# Introduction to Scikit-learn

In this lab session we will start working with the scikit-learn library for doing supervised learning.
We are using a simple toy datasets that's included with scikit-learn and consists of low resolution images of handwritten digits.
The task is to classify each image into which digit it represents, from zero to nine.

## Data loading and splitting
Before we start with the machine learning, it's a good idea to have a look at the data first.

In [None]:
from sklearn.datasets import load_digits
import numpy as np
digits = load_digits()

The digits object is similar to a dictionary and contains the data and some information about the dataset. The most important attributes are ``digits.data`` and ``digits.target``, both of which are numy arrays:

In [None]:
digits.keys()

### Task
Find out the number of images stored in ``digits.data`` (keeping in mind that the rows correspond to samples and columns correspond to features) and confirm that there are ten separate classes in ``digits.target``.

In [None]:
# your solution here ...

You can see that there are 64 features in the dataset. These represent the grays-scale values in an 8x8 pixel image. We can vizualize these using matplotlib's ``matshow``:

In [None]:
import matplotlib.pyplot as plt
%matplotlib inline

plt.matshow(digits.data[0].reshape(8, 8), cmap=plt.cm.Greys)

### Task
Plot the first 10 images in the dataset and set the title of the plot to the corresponding class.

In [None]:
fig, axes = plt.subplots(2, 5,
                         subplot_kw={'xticks': (), 'yticks': ()})
for ax, im, label in zip(axes.ravel(), digits.data, digits.target):
    ax.imshow(im.reshape(8, 8), cmap=plt.cm.Greys)
    ax.set_title(label)


In [None]:
for i in range(10):
    image = digits.data[i]
    plt.matshow(image.reshape(8, 8), cmap=plt.cm.Greys)
    plt.title(digits.target[i])

Next, we need to split the data into a training set for building the model and a test set for evaluating the model. We can use the ``train_test_split`` function from the ``model_selection`` module for that:

In [None]:
from sklearn.model_selection import train_test_split

X_train, X_test, y_train, y_test = train_test_split(
    digits.data, digits.target, random_state=0)
print(X_train.shape)
print(X_test.shape)

## Building our first classifier
We will use the ``LogisticRegression`` model (which, despite its name, is a classifier). We will discuss the model more in-depth later today.

The first step to using a model is importing it:

In [None]:
from sklearn.linear_model import LogisticRegression

Then, we instantiate the model. The lr object we create contains the logic for creating the model, making predictions, and will also store the model parameters we learned from the data.

In [None]:
lr = LogisticRegression()

Now, we can fit the model on the training data:

In [None]:
lr.fit(X_train, y_train)

Apply the model and evaluate it on the training data:

In [None]:
print(lr.predict(X_train))
print(y_train)

For classification, score computes the accuracy, which is the fraction of correctly classified examples.

In [None]:
lr.score(X_train, y_train)

### Task
Compute the accuracy of the model on the test set. Then, use the ``predict`` method to get the test set predictions, and compute the accuracy yourself using numpy. It should yield the same result.

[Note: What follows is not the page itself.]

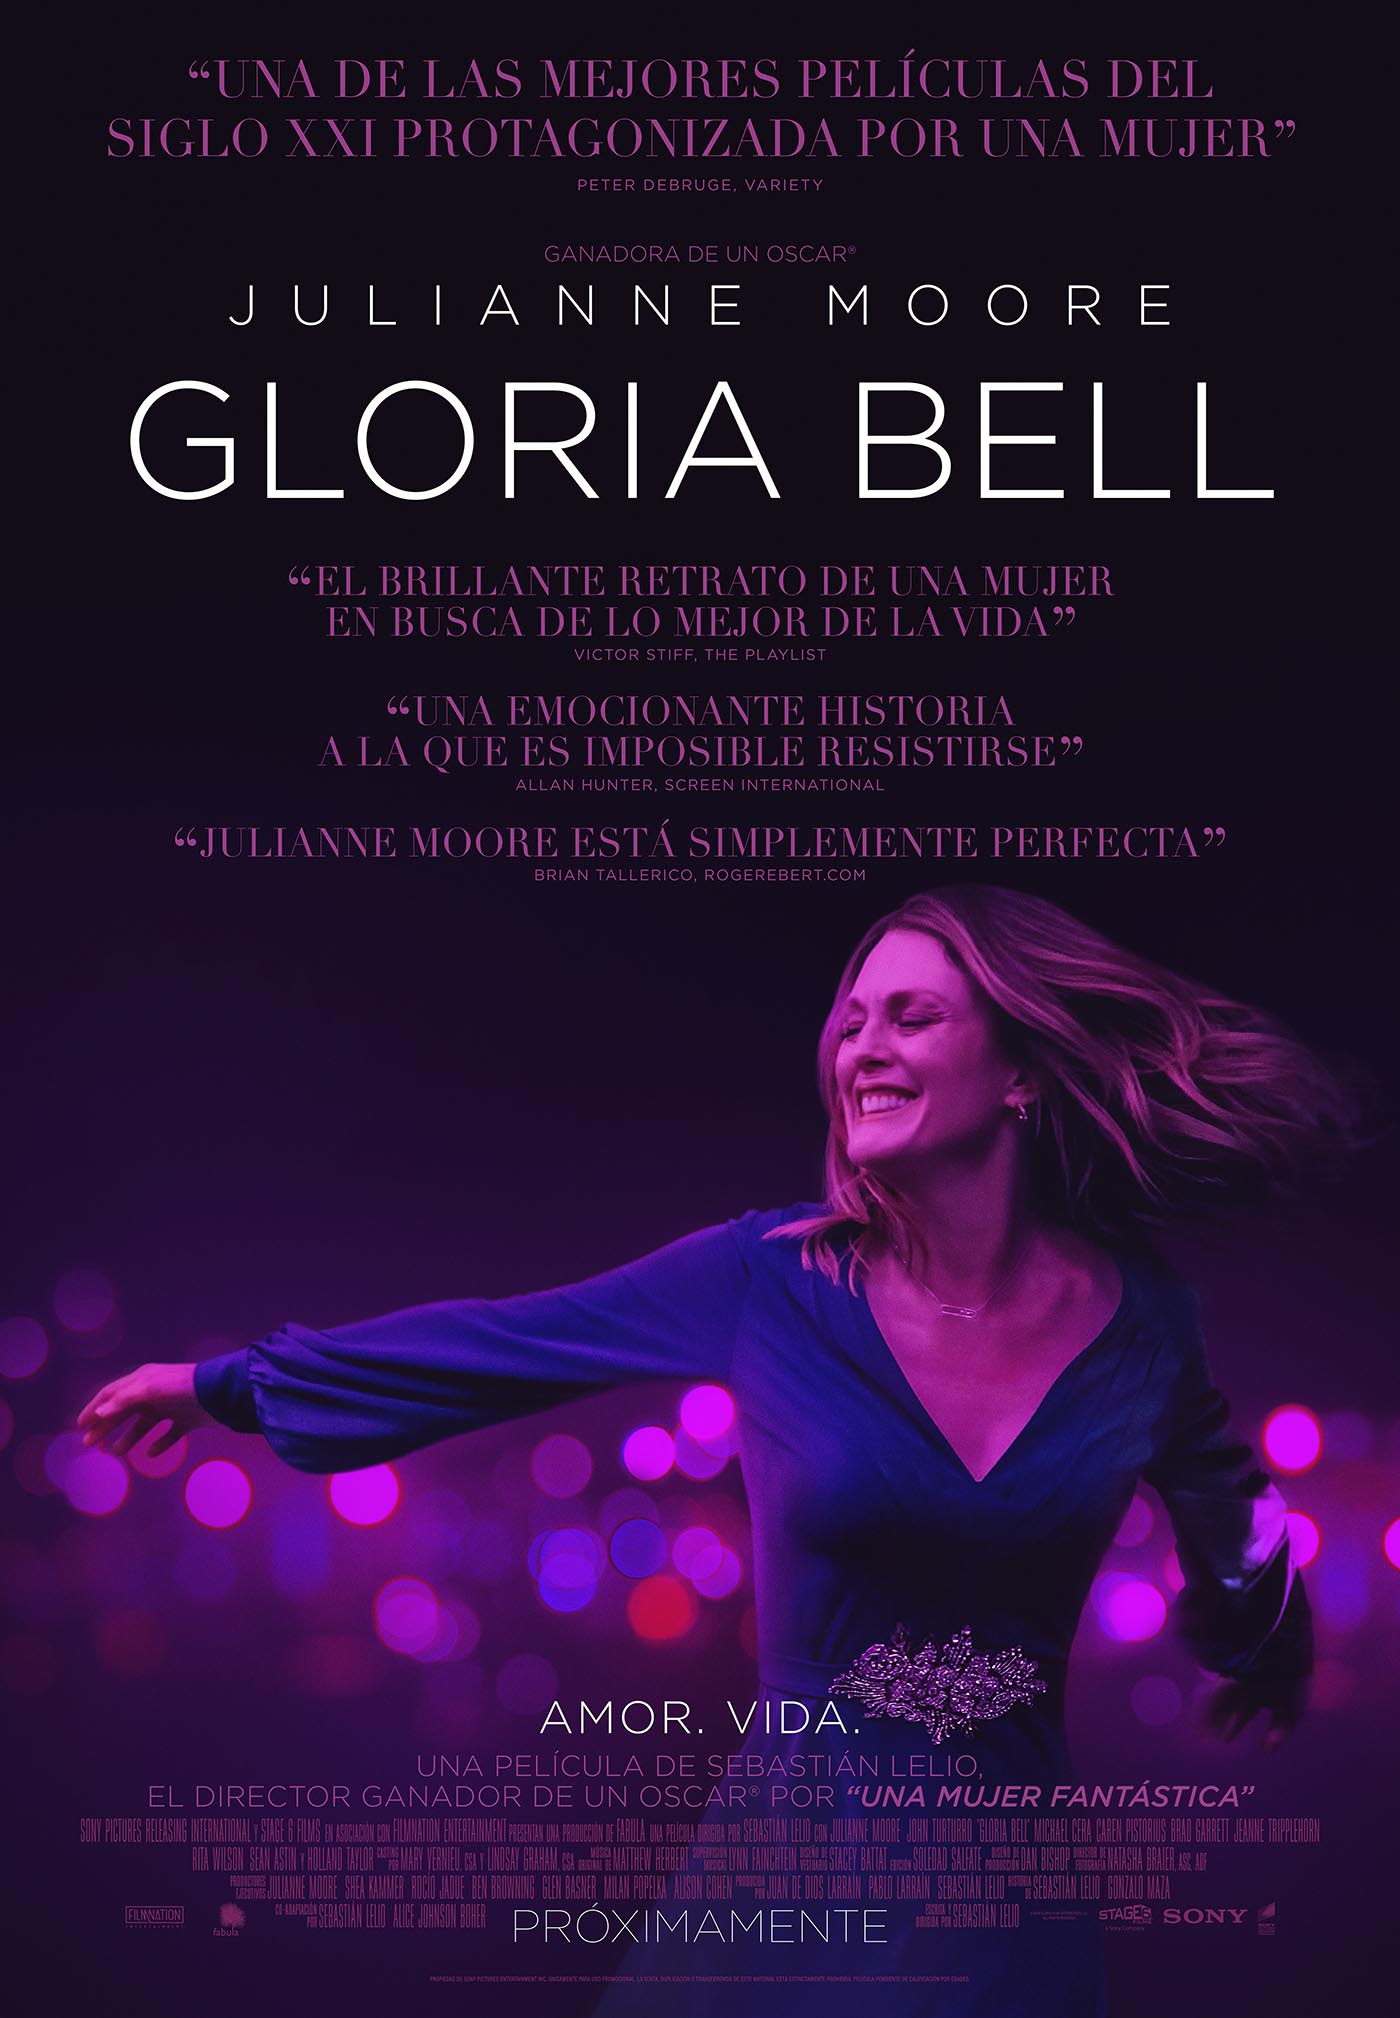 Tráiler de ‘Gloria bell’ protagonizada por Julianne Moore

Next, find 10 examples from the test set that have been misclassified, plot the image and the true and predicted classes. Do the mistakes made by the classifier make sense?

In [None]:
# solution here..

## Another classifier

### Task
Try out a different classifier, the ``KNeighborsClassifier`` from the ``sklearn.neighbors`` module. As before, train the model on the training set, then evaluate it on the test set.

In [None]:
# solution here ...

# Regression
Next we will look at a regression problem. The dataset we are using is the  "Boston housing dataset" that predicts house prices in different Boston neighborhoods in the 1970s.
Let's start by loading the data:

In [None]:
from sklearn.datasets import load_boston
boston = load_boston()
print(boston.keys())

The ``boston.DESCR`` attribute provides a description of the dataset:

In [None]:
print(boston.DESCR)

### Task
Confirm the number of samples and features in the ``boston.data`` attribute. Then look at the target attribute ``boston.target`` and plot it's distribution using ``plt.hist``.

In [None]:
# solution here ...

### Task

Proceed as we did for classification, and split the data into a training and a test set. Then fit a ``LinearRegression`` model from the ``sklearn.linear_model`` module on the training set, and evaluate it on the test set. The metric provided by the ``score`` method for regression is the $R^2$ score, with 1 being a perfect score and 0 being the score of a constant prediction.

Create a scatter plot of the predictions against the ground truth on the test set. This plot can often be a helpful analysis tool in regression.